We formulated a classical LS problem and implemented an arbitrary-order solver (referred to as DALS solver). In doing so, we avoided the approximation of classical differential correction methods. The formulation of a LS problem and its solution via the DALS improved on average the available IOD solution. Thus, including all acquired observations in the OD process turned out to be useful even on short arcs.

We have introduced nonlinear methods in the representation of the LS solution’s confidence region. DA techniques allowed us to retain high-order terms in the polynomial approximation of the target function. These terms are typically neglected by linearized theories, but they can be relevant for the accurate description of the confidence region of orbits determined with short arcs.

To this aim, we have introduced four algorithms based on DA techniques to nonlinearly describe the confidence region. The first one is a DA-based implementation of the LOV. We used DA to effectively solve the set of nonlinear equations required to capture the departure of the LOV from the axis of the second-order ellipsoid. In this algorithm, the polynomial approximation of the target function is recomputed only when necessary, based on accuracy requirements. The concept of LOV was then extended to two dimensions, introducing the GES. Another approach combined the LOV with a high-order polynomial to obtain a two-dimensional sampling without the computational cost of GES. Finally, a method was proposed to fully enclose the n-dimensional uncertainty set and accurately represent the target function over it by using ADS.

As high-order computations require extra computational cost, we have introduced an index to guide the choice between second-order and high-order representation of the uncertainty set. Through this index, it was shown that the effect of nonlinearities decreases significantly for longer observational arc and that Cartesian coordinates are a better choice than MEE. An additional index was introduced to determine the uncertainty set’s dimensionality based on the along-track dispersion associated with uncertainties in the determination of the orbit semi-major axis. This choice is strongly connected with the possibility of acquiring follow-up observations. Analysis of the dimensionality index demonstrated that a two-dimensional representation of the uncertainty region can be sufficiently accurate, depending on the telescope properties and the adopted observation strategy. With longer arcs, the uncertainty region could even be approximated as a mono-dimensional set, in particular when MEE are used.
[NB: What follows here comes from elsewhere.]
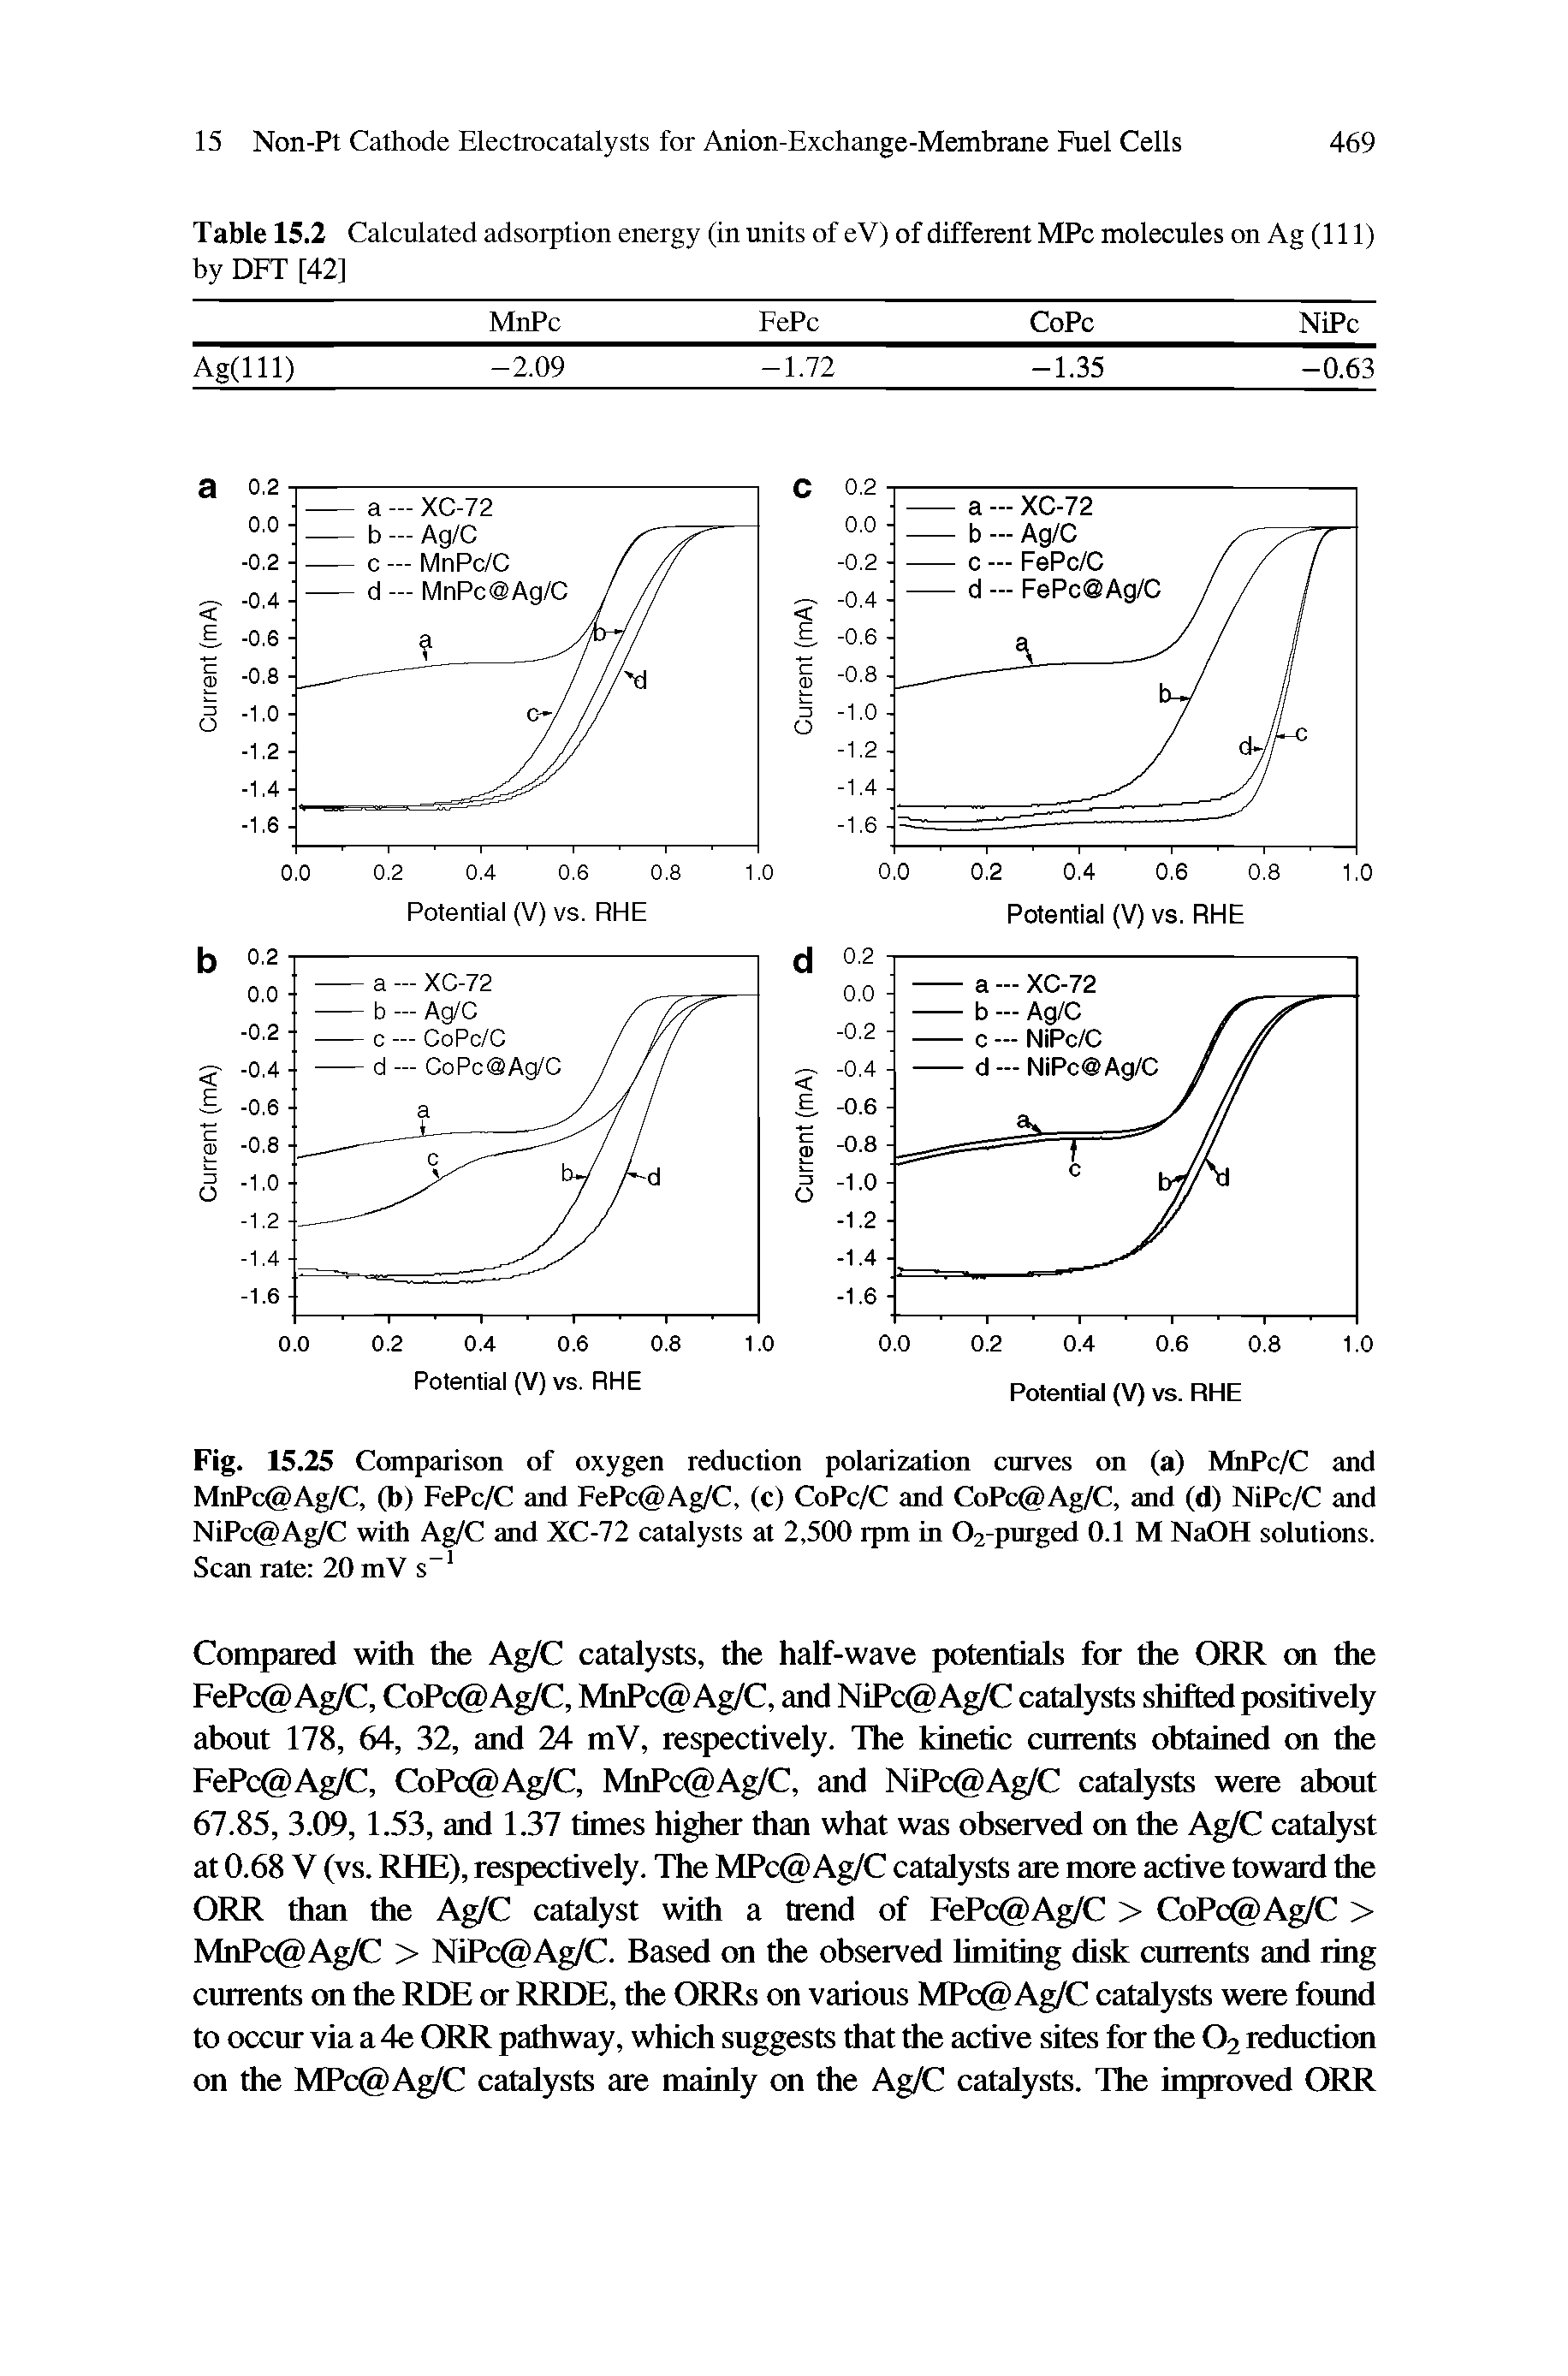 Fig. 15.25 Comparison of oxygen reduction polarization curves on (a) MnPc/C and MnPc Ag/C, (b) FePc/C and FePc Ag/C, (c) CoPc/C and CoPc Ag/C, and (d) NiPc/C and NiPc Ag/C with Ag/C and XC-72 catalysts at 2,500 rpm in 02-purged 0.1 M NaOH solutions. Scan rate 20 mV s ...

The methods we have introduced come at the cost of intensive computations and the loss of a closed-form representation of the state statistics. However, the accuracy gained by the retention of nonlinear terms may play a key role in the development of reliable tools for observations correlation and for the initialization of nonlinear state estimation techniques, such as a particle filter. Future effort will be dedicated to the development of a full nonlinear mapping between sensor noise and object state, which will allow us to consider measurement noise with arbitrary statistics.